Insertion in Trie Data Structure – O(n) Time | O(n) Space

Example: Inserting the Word “and”
- Start at the root node:
The root node does not contain any character. Its wordEnd value is set to 0, indicating that no word ends at this point. - First character – “a”:
Calculate the index: ‘a’ – ‘a’ = 0.
Check if child[0] is null. Since it is, create a new TrieNode for the character “a” with wordEnd = 0 and an empty array of children. Move to this newly created node. - Second character – “n”:
Calculate the index: ‘n’ – ‘a’ = 13.
Check if child[13] is null. It is, so create a new TrieNode for “n” with wordEnd = 0. Move to this node. - Third character – “d”:
Calculate the index: ‘d’ – ‘a’ = 3.
Since child[3] is null, create a new TrieNode for “d” and set wordEnd = 1, marking the end of the word “and”.
Example: Inserting the Word “ant”
- Start at the root node:
The root node remains unchanged and keeps track of the starting characters of all inserted strings. - First character – “a”:
Index: ‘a’ – ‘a’ = 0.
A node for “a” already exists from the previous insertion.
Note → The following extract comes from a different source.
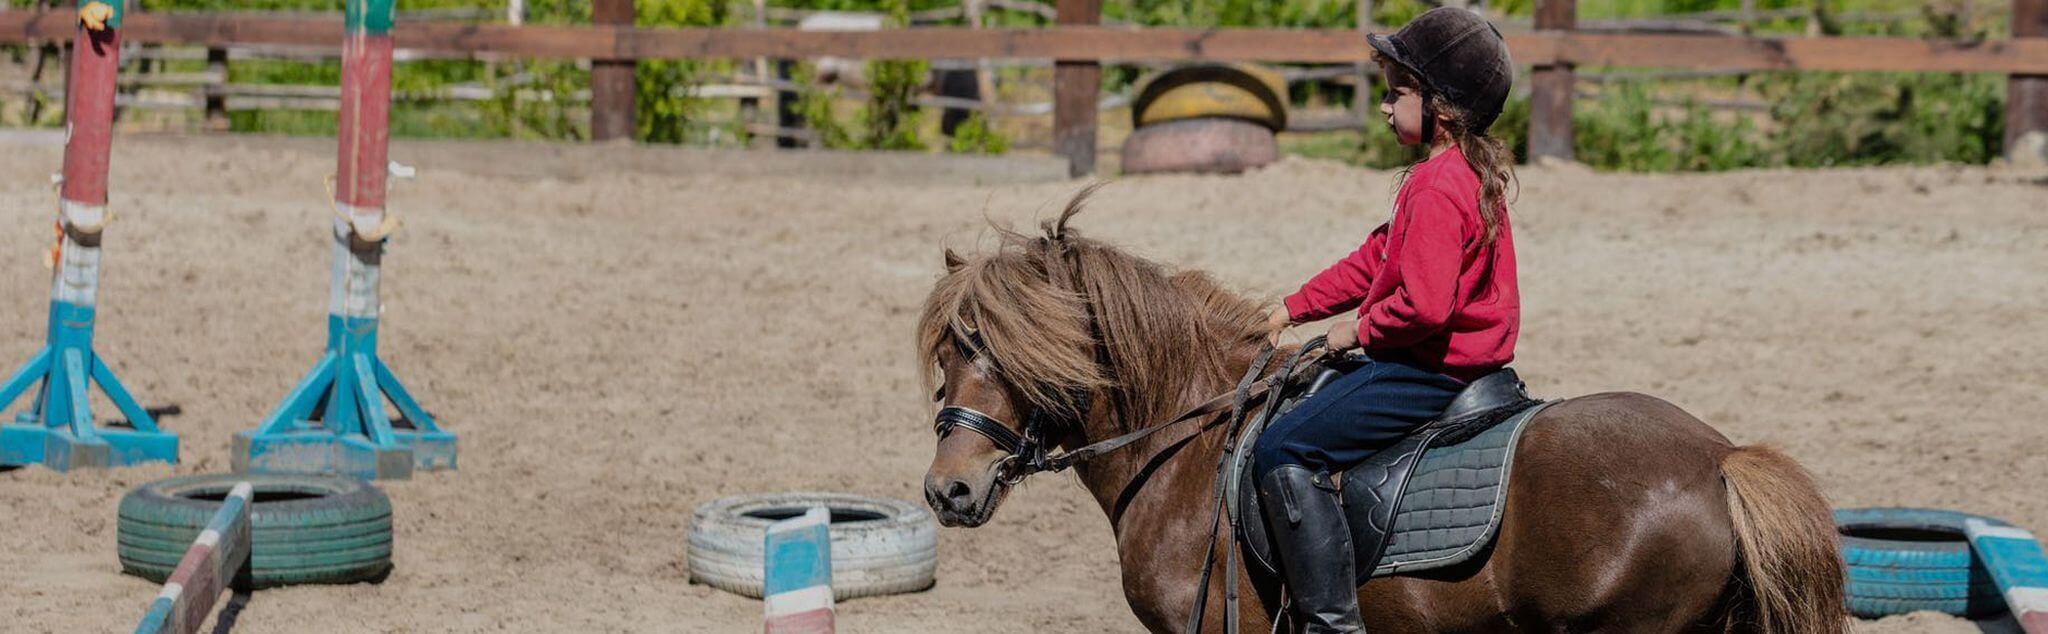 Lezioni di Equitazione a Follonica

Move to this existing node. - Second character – “n”:
Index: ‘n’ – ‘a’ = 13.
The node for “n” is also present. Proceed to this node. - Third character – “t”:
Index: ‘t’ – ‘a’ = 19.
Since child[19] is null, create a new TrieNode for “t” and set wordEnd = 1, indicating that the word “ant” ends here.
// Method to insert a key into the Trie
void insert(TrieNode* root, const string& key) {
// Initialize the curr pointer with the root node
TrieNode* curr = root;
// Iterate across the length of the string
for (char c : key) {
// Check if the node exists for the
// current character in the Trie
if (curr->children[c - 'a'] == nullptr) {
// If node for current character does
// not exist then make a new node
TrieNode* newNode = new TrieNode();
// Keep the reference for the newly
// created node
curr->children[c - 'a'] = newNode;
}
// Move the curr pointer to the
// newly created node
curr = curr->children[c - 'a'];
}
// Mark the end of the word
curr->isLeaf = true;
}
// Method to insert a key into the Trie
static void insert(TrieNode root, String key) {
// Initialize the curr pointer with the root node
TrieNode curr = root;
// Iterate across the length of the string
for (char c : key.toCharArray()) {
// Check if the node exists for the
// current character in the Trie
if (curr.children[c - 'a'] == null) {
// If node for current character does
// not exist then make a new node
TrieNode newNode = new TrieNode();
// Keep the reference for the newly
// created node
curr.children[c - 'a'] = newNode;
}
// Move the curr pointer to the
// newly created node
curr = curr.children[c - 'a'];
}
// Mark the end of the word
curr.isEndOfWord = true;
}
// Method to insert a key into the Trie
function insert(root, key) {
// Initialize the curr pointer with the root node
let curr = root;
// Iterate across the length of the string
for (let c of key) {
// Check if the node exists for the
// current character in the Trie
let index = c.charCodeAt(0) - 'a'.charCodeAt(0);
if (curr.children[index] === null) {
// If node for current character does
// not exist then make a new node
let newNode = new TrieNode();
// Keep the reference for the newly
// created node
curr.children[index] = newNode;
}
// Move the curr pointer to the
// newly created node
curr = curr.children[index];
}
// Mark the end of the word
curr.isEndOfWord = true;
}
Time and Space Complexity of Insertion
- Time Complexity:
O(n) — where n is the length of the word being inserted. This is because each character of the word is processed exactly once during insertion. - Auxiliary Space:
O(n) — in the worst-case scenario, a new node is created for each character if none of the characters are already present in the Trie.
Searching in Trie Data Structure
Time Complexity: O(n)
Auxiliary Space: O(1)
Searching in a Trie is similar to the insertion operation but without creating new nodes. The algorithm simply navigates through existing paths by comparing each character of the input string.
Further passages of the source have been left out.